I think this is at the core of the rot of American society. The thinking that a CEO "owes" the marketing of their company so as to cash it in or even turn profits is, in my opinion, is a mark of the biggest moral ineptitude of the western world's thinking. Yes, I realize this is the 'norm', but it clashes with deep values of the people who aren't shareholders, but are no doubt vested in the product the company produces, mainly the customers. It ignores their needs completely because they don't own stock. "We sold the company, and the new owners bastardized it by slapping their logo on it by eliminating the free tier" is almost commonplace now in business dogma, and yes, most people think it is the kind of strategy 'owed' to shareholders, but this one-sided thinking ignores the better interest of users who the company has built their business on the backs of, and who will now be bait-and-switched into a subscription model, never mind the needs that drove them to the product in the first place. Yes, this is how capitalism works. What I'm saying is that capitalism, as a model, is flawed from a moralistically balanced point of view. It's a never-ending race to the bottom by optimizing for greed until every drop of monetization is squeezed out and every person is left without. Should the owner's employees make money, I mean after all they do the work? Yes, but who takes into account the inestimable value added by the initial users who's interaction with the product shaped it into what it is today?

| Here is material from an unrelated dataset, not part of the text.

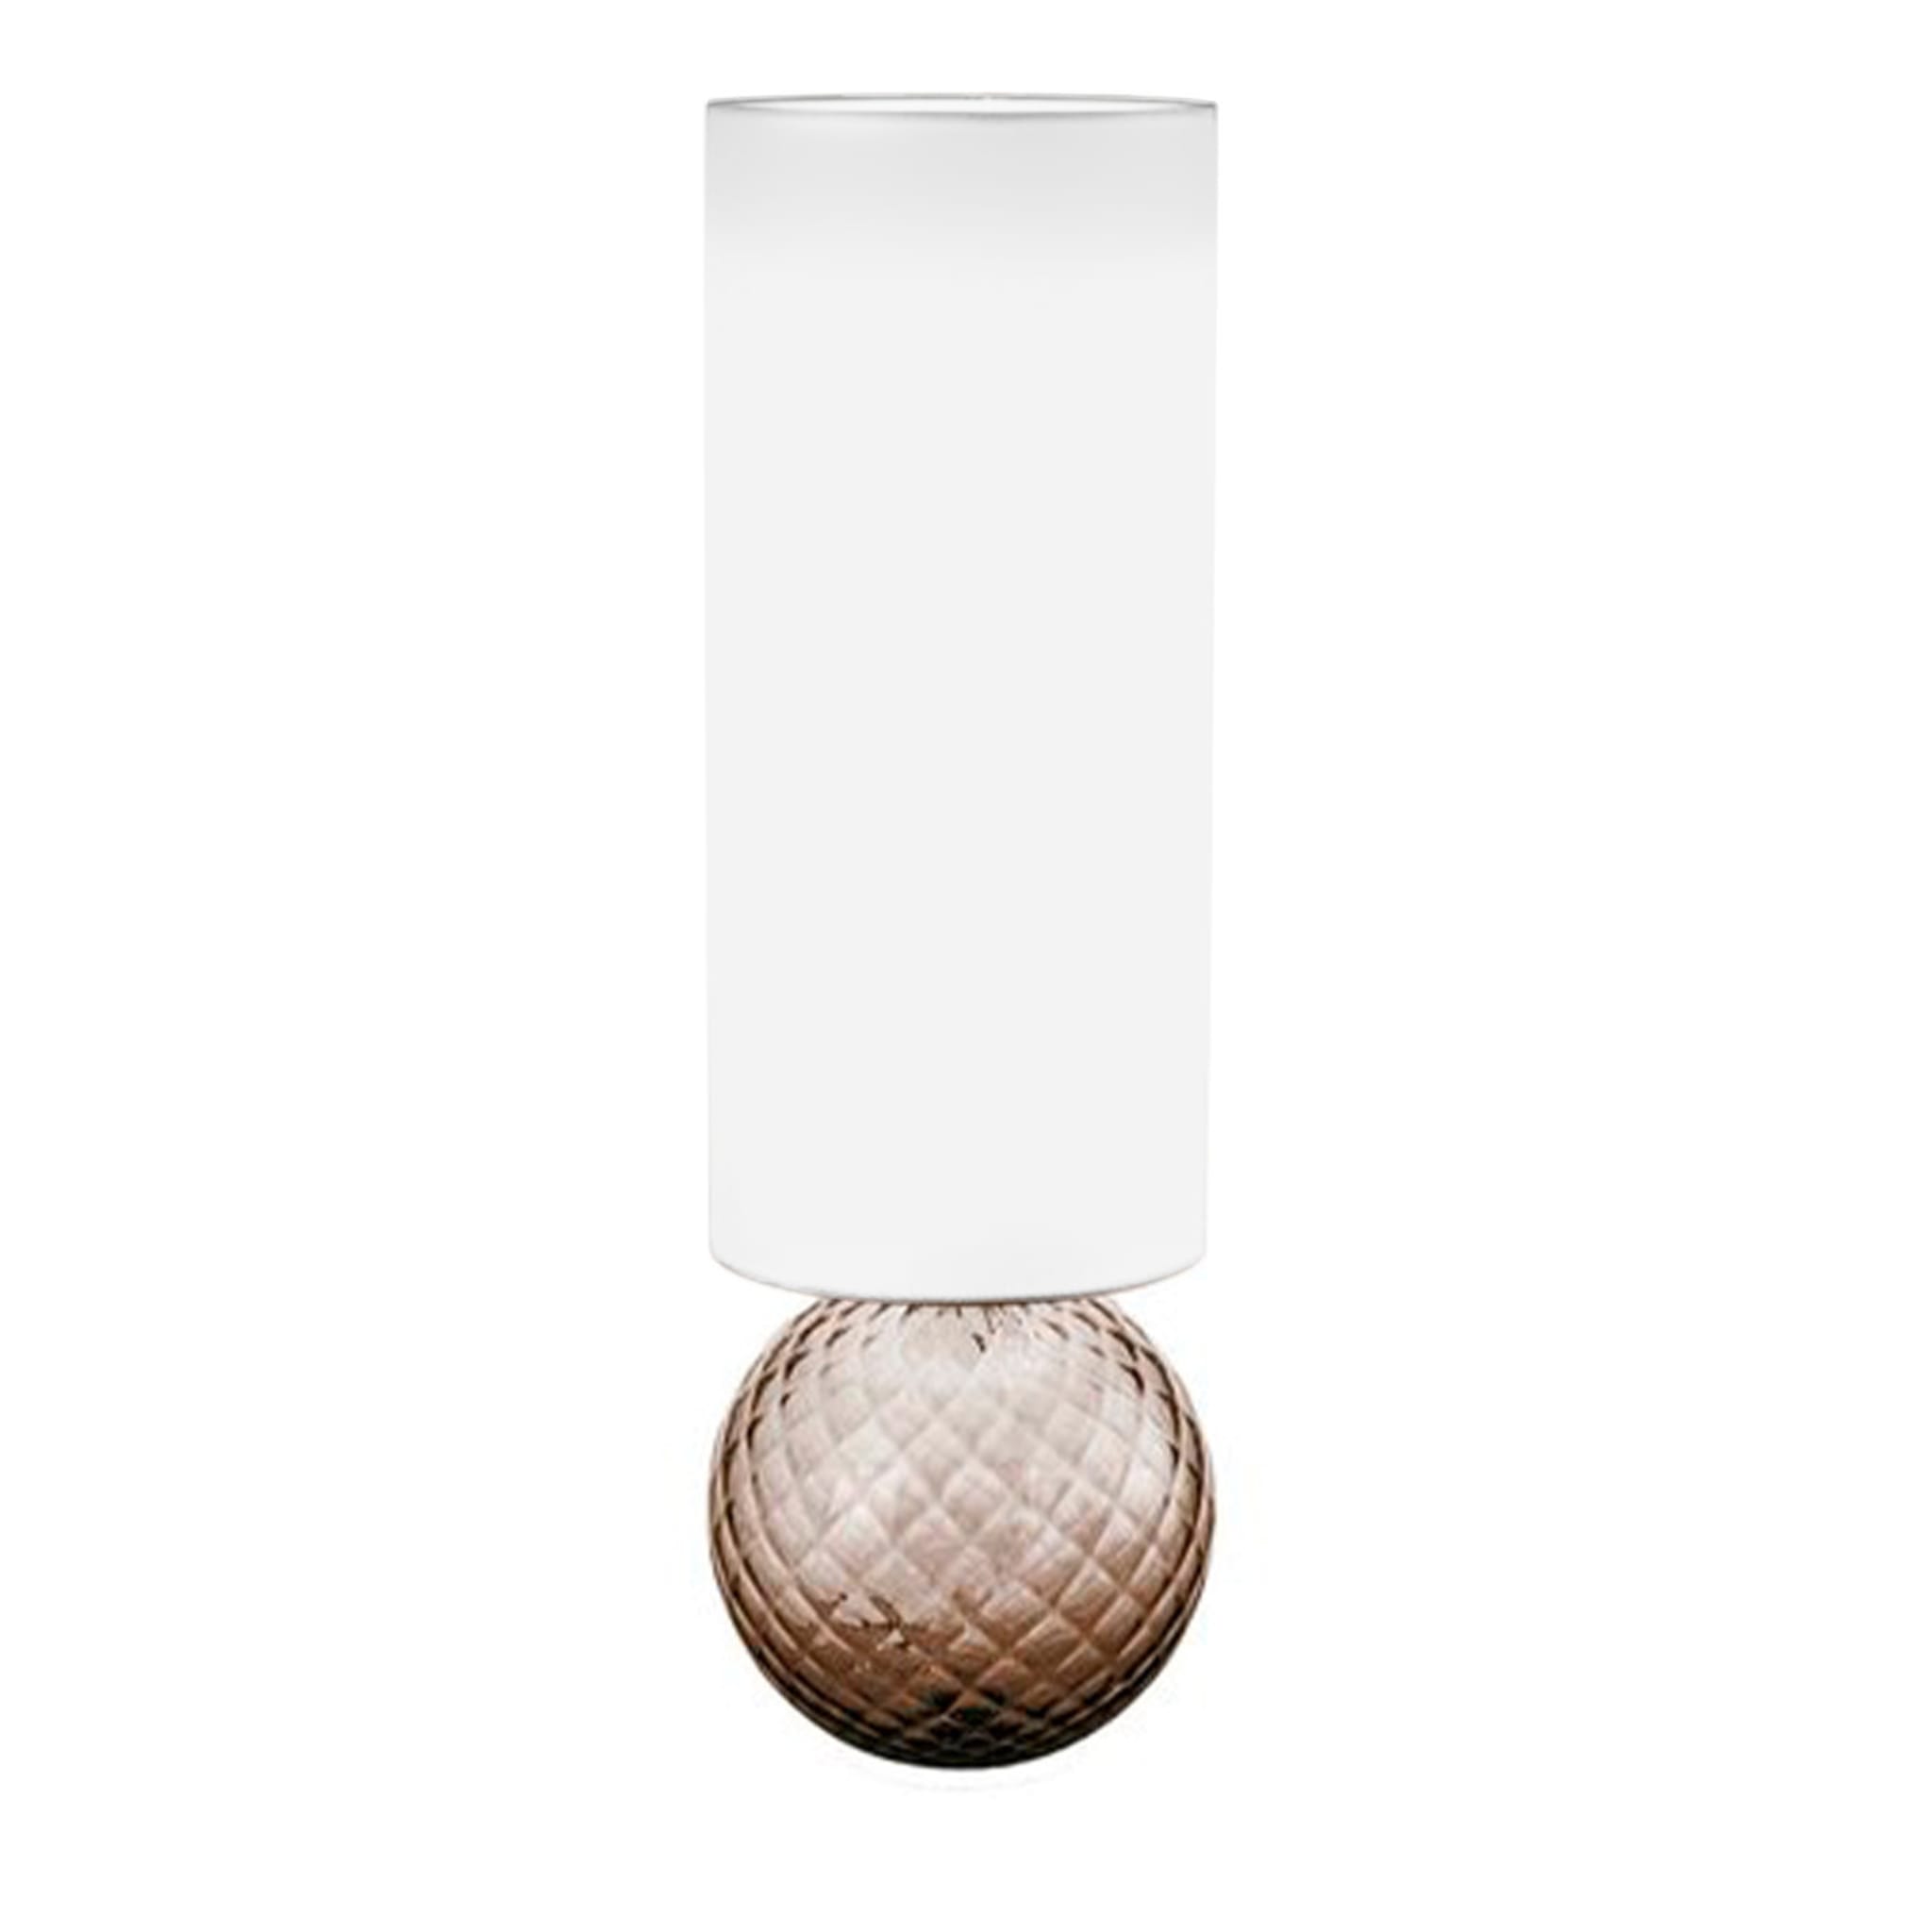 Balloton Smoky Table Lamp with Shade - Main view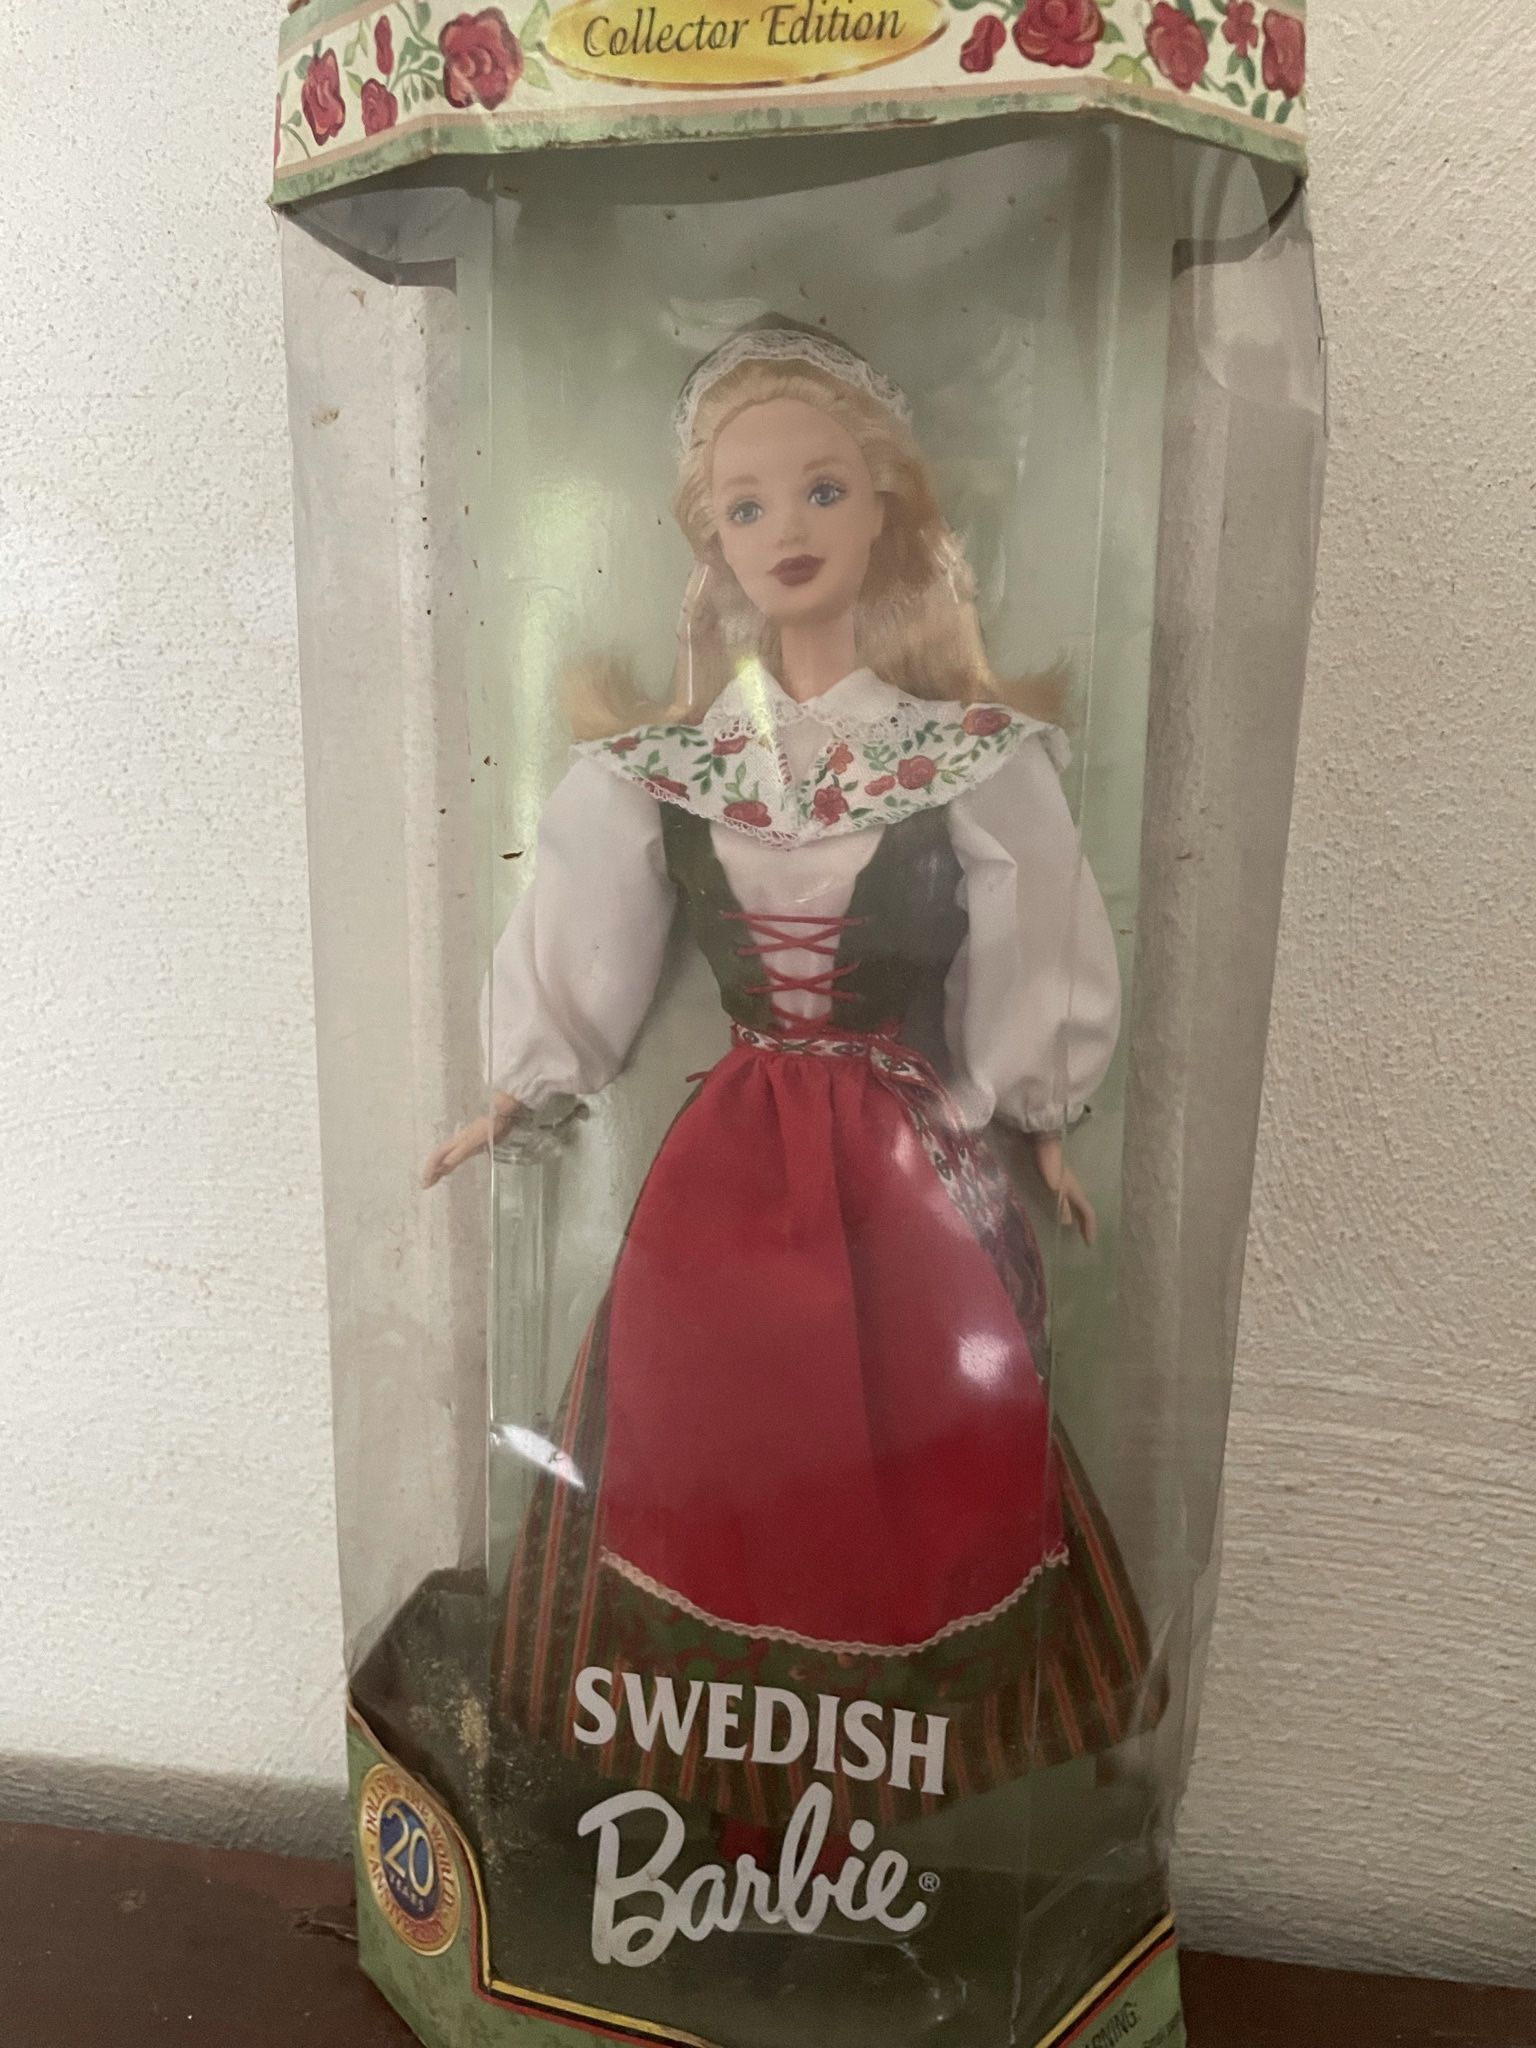 Swedish Barbie!

"it clashes with deep values of the people who aren't shareholders, but are no doubt vested in the product the company produces, mainly the customers. It ignores their needs completely because they don't own stock."

Presumably companies generate value for shareholders by selling things to customers and generating profits, which makes customers the ultimate beneficiaries. What companies are you thinking of that ignores their customers' needs completely and are still quite successful and valuable for shareholders?


Here here. One word, nay, one letter in response:

X


Do you actually believe that, or are you mocking a bit of startup-culture hubris?


I’m about as anti-consolidation as someone can be, but I’m not about to blame a CEO for selling when you’re offered a price way above any realistic valuation. I put this at the feet of Adobe and regulators, not the guy taking the biggest payday opportunity possible for his employees and shareholders.


I absolutely believe it when the vast majority of the employees for the company in question were compensated with stock options.


This is the risk you take when you choose options over cash.


No, their investors.

Employees don't automatically have the same motivations as the investors.

If you want an employee with exactly the same motivation as an investor, hire an embezzler.


> when is the other shoe going to drop?

Keep an eye out for the IPO, that'll be their next chance to sell out their customers.